§ Task to carry out
An exact restatement of the data is required, with the images omitted.

§ Given material
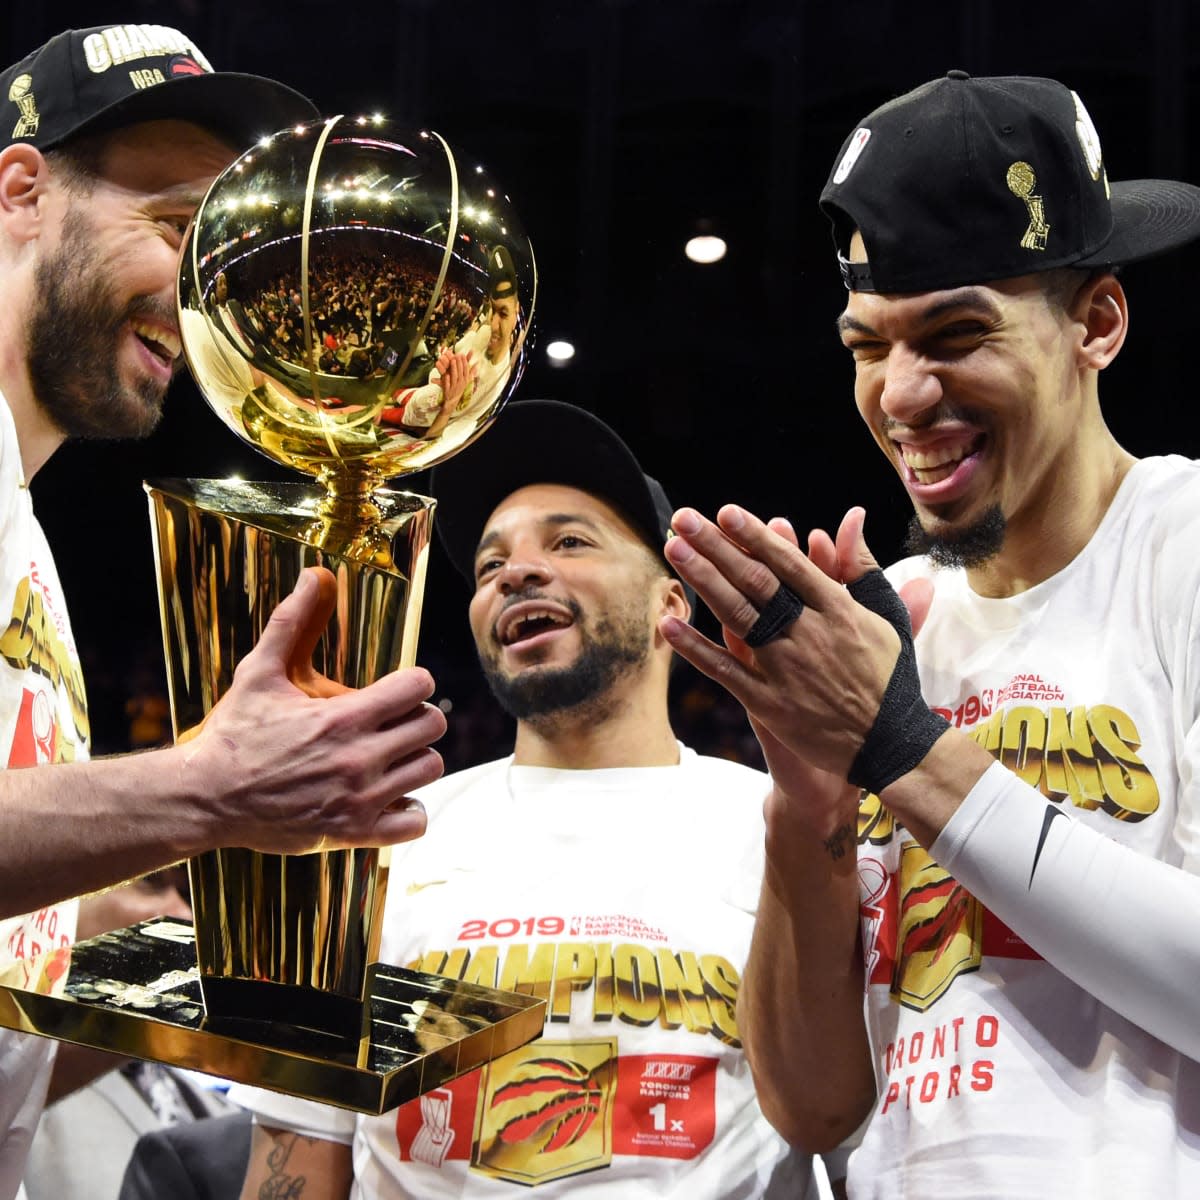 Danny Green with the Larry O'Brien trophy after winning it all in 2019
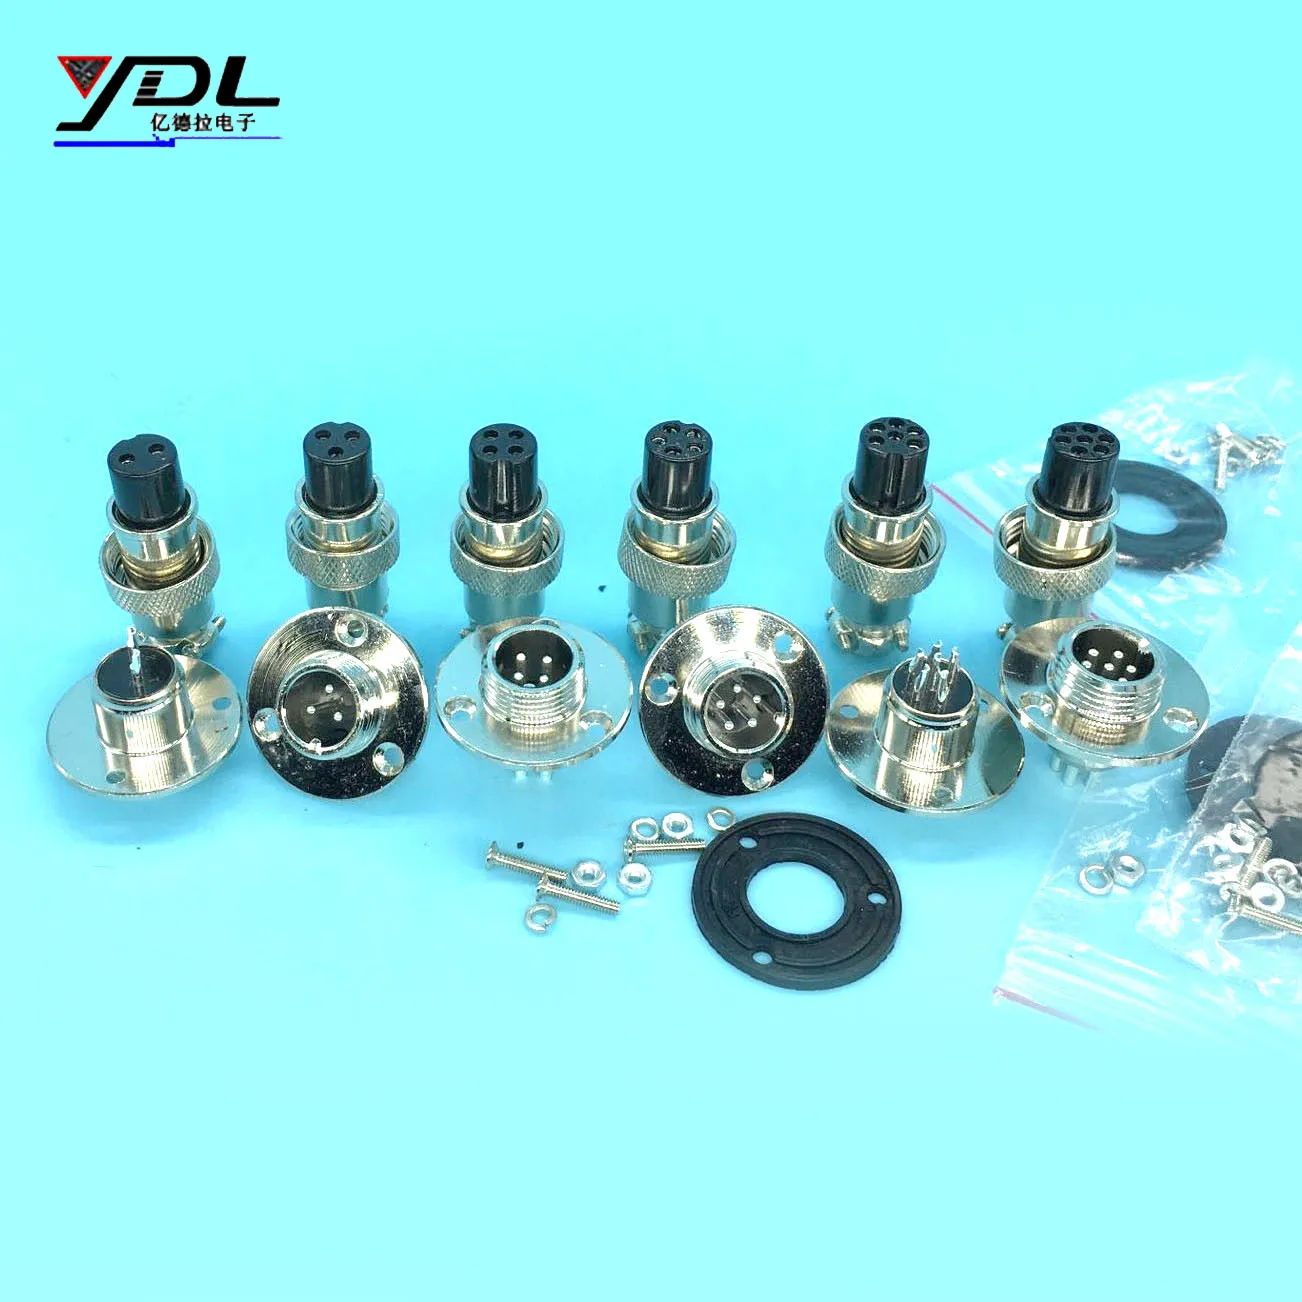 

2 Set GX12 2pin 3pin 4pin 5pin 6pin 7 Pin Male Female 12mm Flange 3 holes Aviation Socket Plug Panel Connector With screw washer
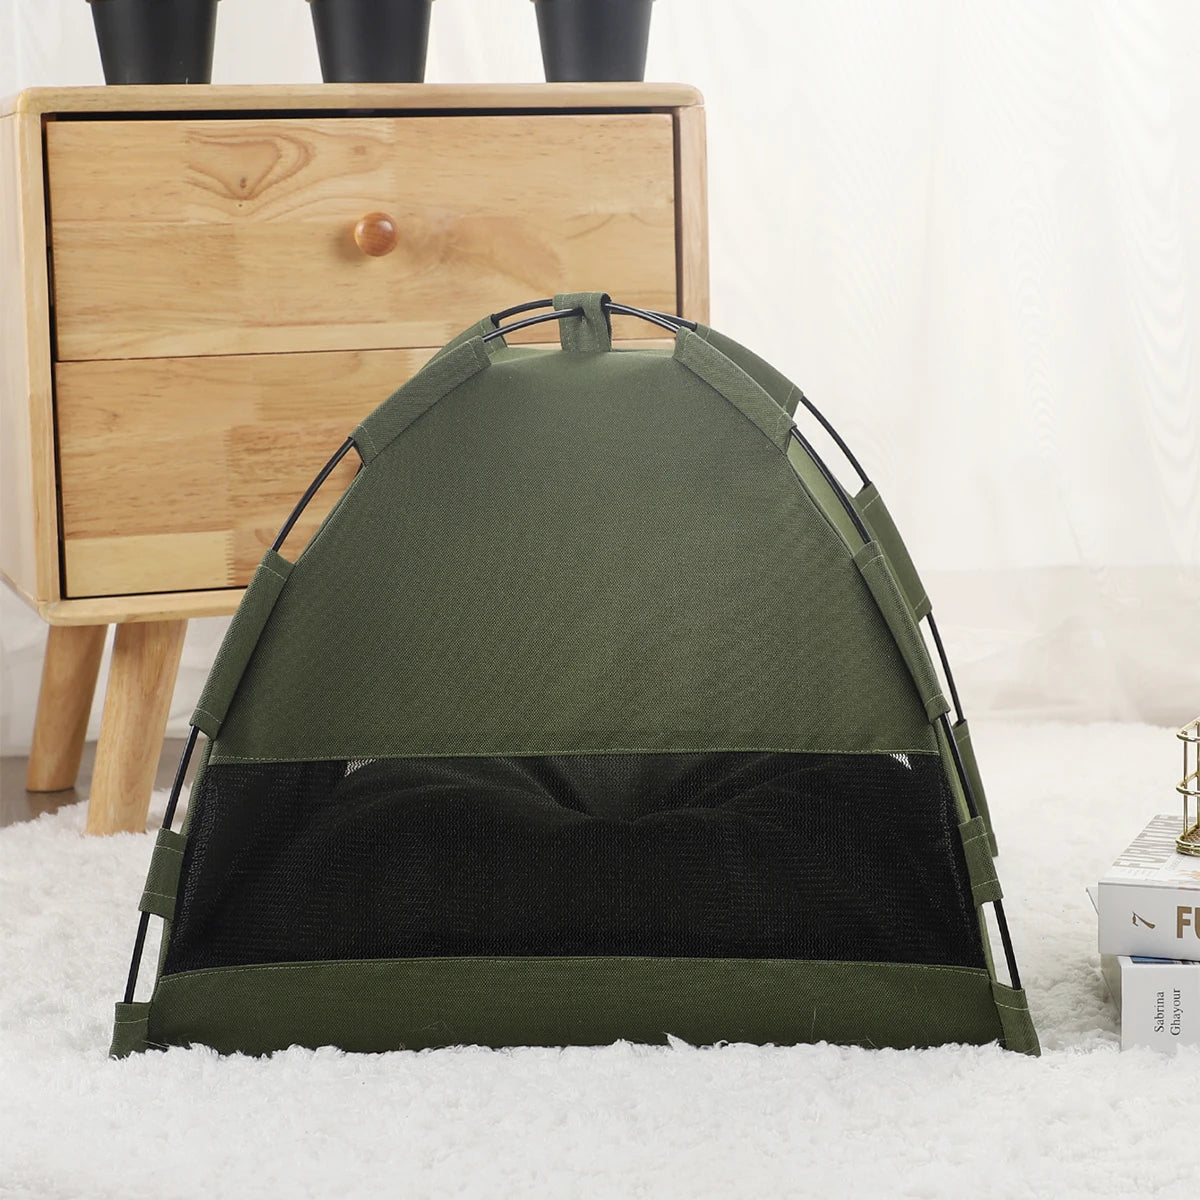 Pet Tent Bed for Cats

§ Response to this task
 Danny Green with the Larry O'Brien trophy after winning it all in 2019

2 Set GX12 2pin 3pin 4pin 5pin 6pin 7 Pin Male Female 12mm Flange 3 holes Aviation Socket Plug Panel Connector With screw washer
 Pet Tent Bed for Cats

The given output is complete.